By Noor Haydar, LSA Senior at the University of Michigan

We’re a forgetful people. In my religion, God tells us this. He also tells us that the successful are those who remember. History is as near to us as what happened last week, and we are unable to understand events because their contexts are so far removed from our own today. The world changes so rapidly with every minute, and we know about these changes in real time. What I want to share with you is relevant to today, yesterday and especially tomorrow.

Hama, 1982

It it is relevant to as far back as 1982. The month of February is almost upon us. In February of 1982, Syrian President Hafez Al-Assad ordered his troops into the city of Hama and ordered the squashing of what he believed, was dissent that was threatening to his regime.

The Syrian Human Rights committee estimates that 40,000 people were killed in 3 weeks time. The city was in ruin. Families were shattered, lives shambled.

This past year, I had the privilege of performing Hajj (the required pilgrimage to Mecca). My sister and I usually walked to prayer together, but being the day before our departure, she was buying gifts and had to return them to the hotel room. I went ahead and ended up sitting next to a woman who made a place for me in a crowded space. I sprung up a conversation as I saw a Syrian flag on her bag. She told me she was from Hama. She turned the questioning toward me and so I shared with her my Damascene heritage and that I had lived in America my entire life. Because of the way the uprisings in Syria seems to polarize people, she appeared hesitant to speak to me after hearing both of those facts. We talked about Hajj, the weather etc, and then prayer started. Because of the lack of support Damascus has given the uprising, and because of the apparent lack of support the people of Hama have felt from America, I felt incapable, unable to speak to her. I had so many questions circling in my mind — How’s your family? How has your life changed? Are you well fed? Do you need anything? What can I do to help? I wanted to say I was sorry for making them feel alone- for not being there with them- for not standing up for them.
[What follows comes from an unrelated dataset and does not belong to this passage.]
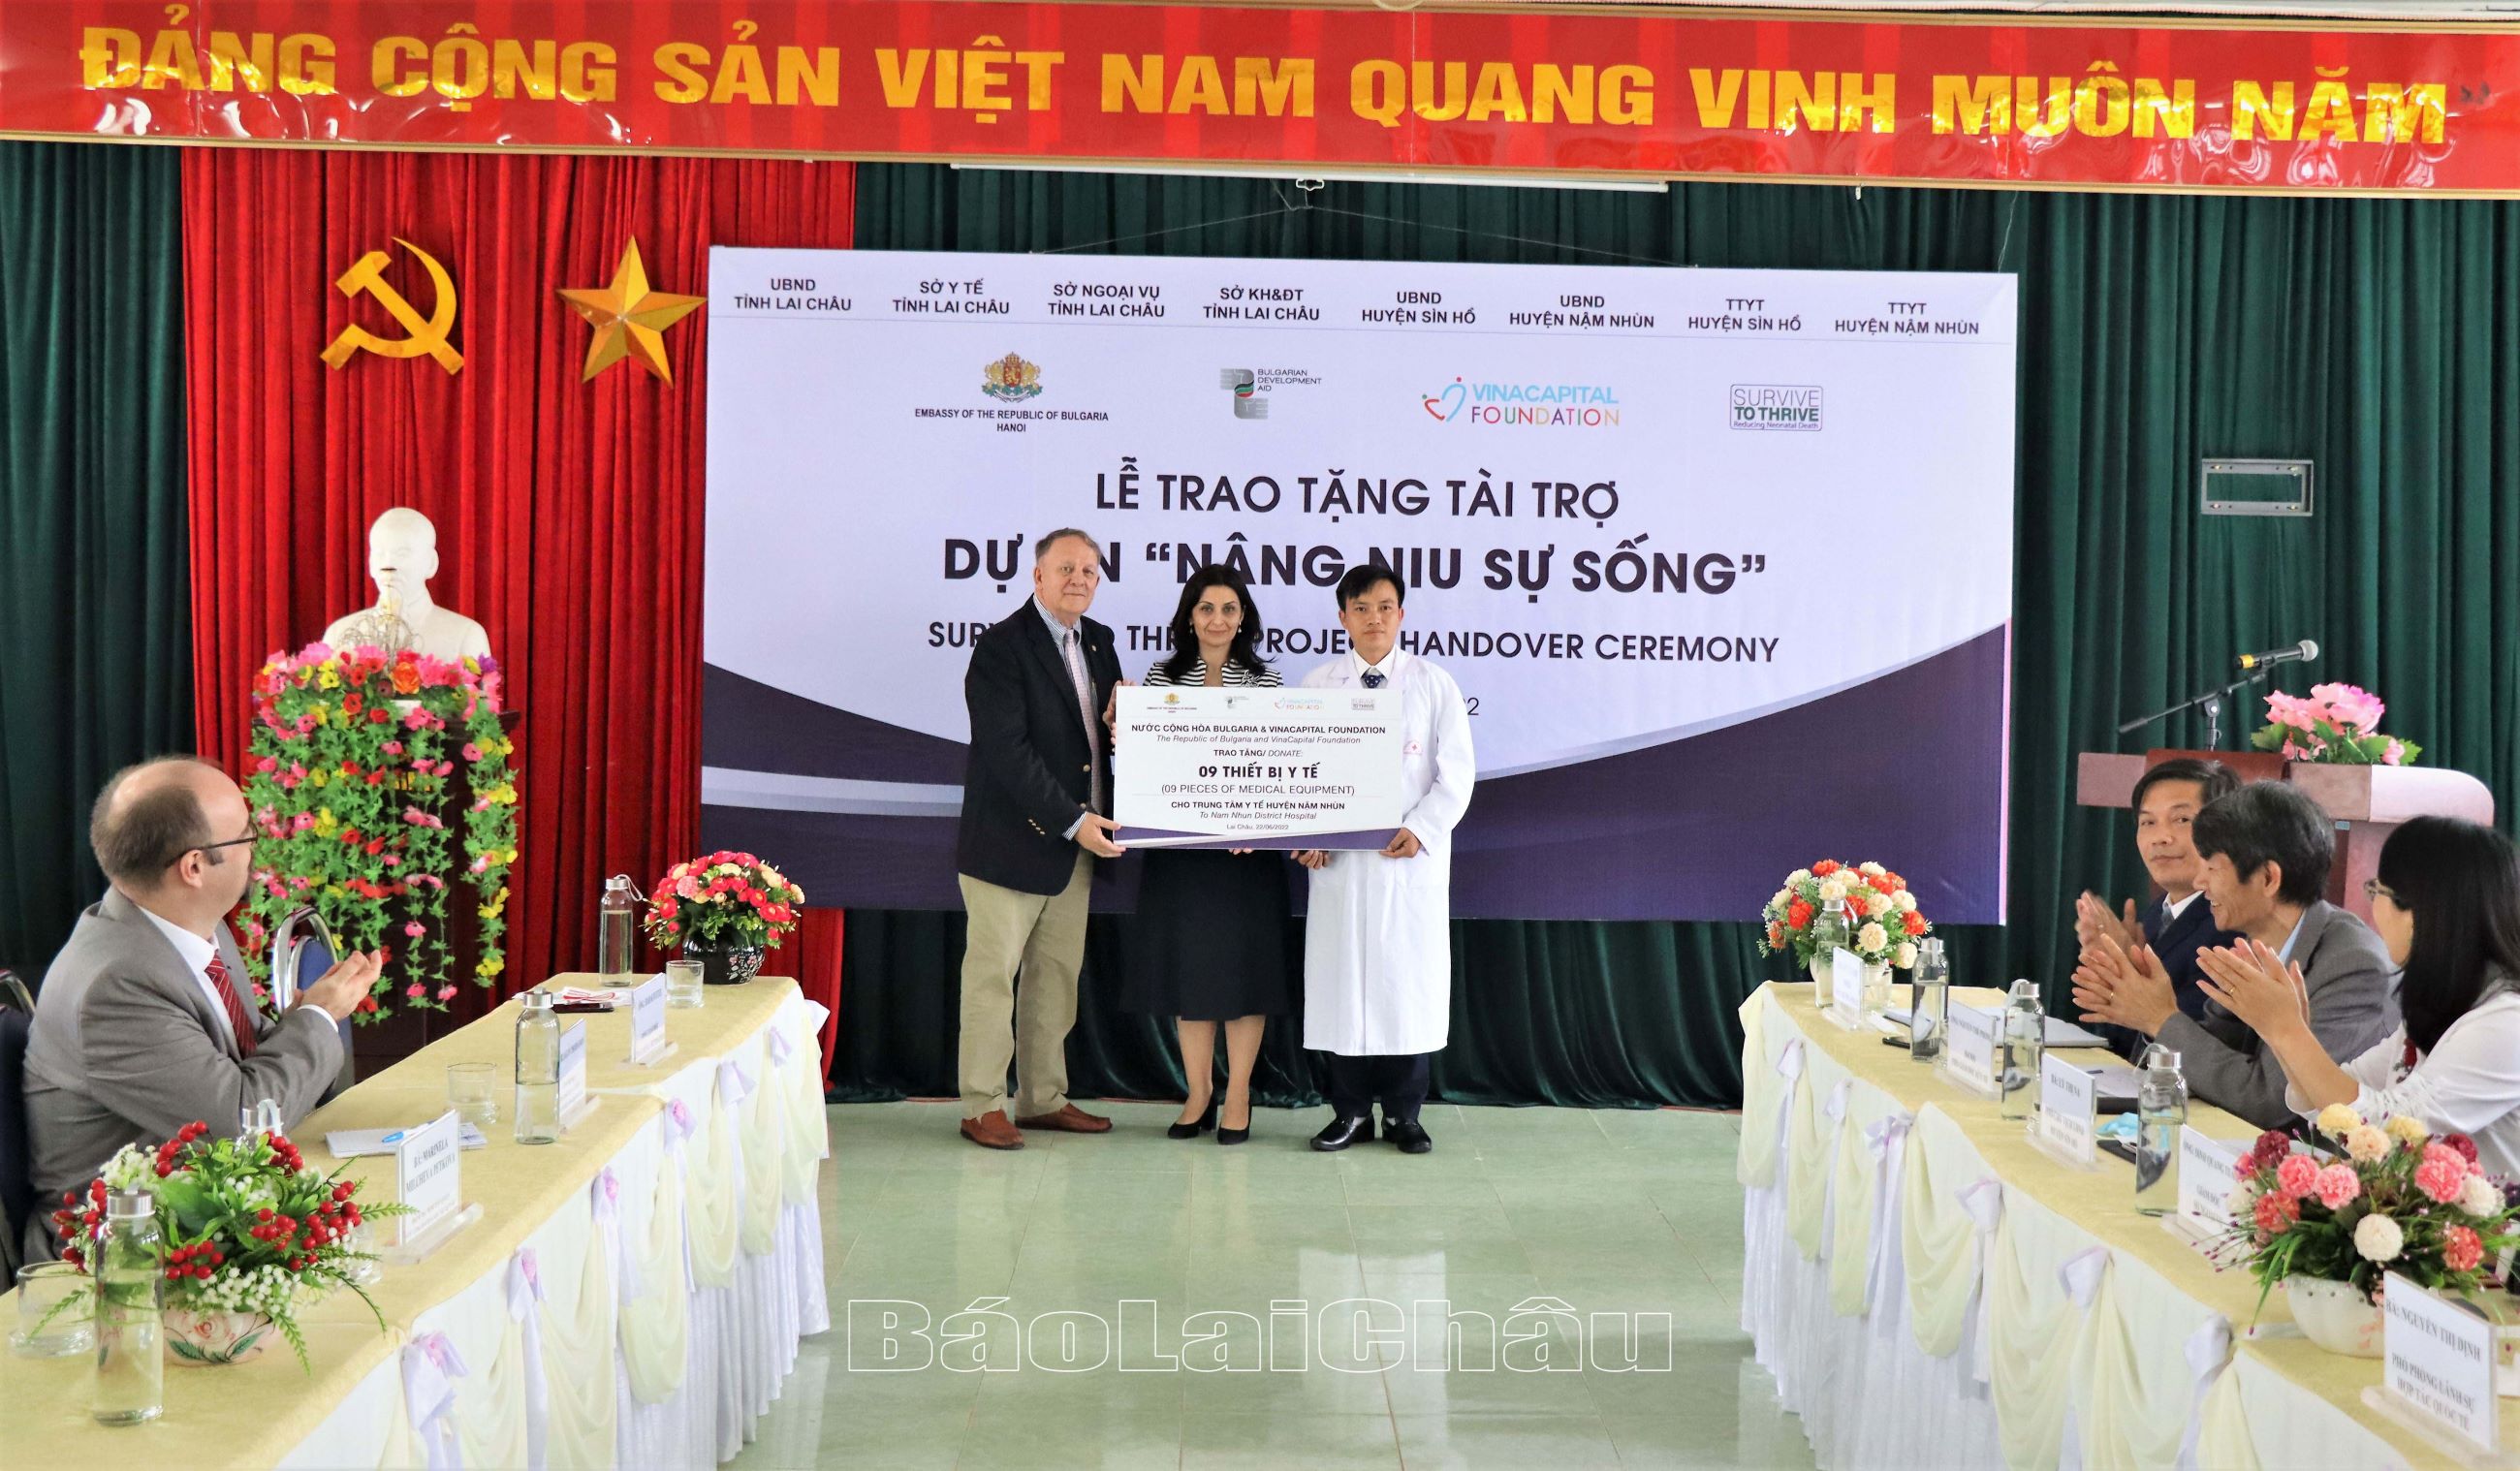 Bà Đại sứ cùng đoàn công tác trao tặng thiết bị chăm sóc trẻ sơ sinh cho Trung tâm Y tế huyện Nậm Nhùn.

It will haunt me forever that I didn’t have the courage to speak, to ask her those questions, She opened up a spot for me, extended her prayer mat and shared it with me, and I didn’t ask. I shook her hand, told her have a safe trip home, and left. Have a safe trip home? Really? That’s all I could think of? What about when she got home? The question was, would she be safe after she got home?

Hama, 2011

The people of Hama have suffered a brutal history, one that has come back to life again. While we check our facebook notifications, tweets, and text messages, Hama is reliving its greatest nightmare come to life once again, and the reality has expanded beyond the confines of their city. Dar’a, Homs, Deir Ezzor, Zabadani, and even parts of Damascus…the list is endless. We live in a global village. We live inside the internet with all the information at our finger tips. Ignorance isn’t an excuse for inaction and so I ask, what are we doing? Think about the people of Hama. When you see the names of the cities And the pages and pages of the lists of names of those who have fallen, read them, one by one. Think of them often. Pray for Hama. Pray for justice and peace.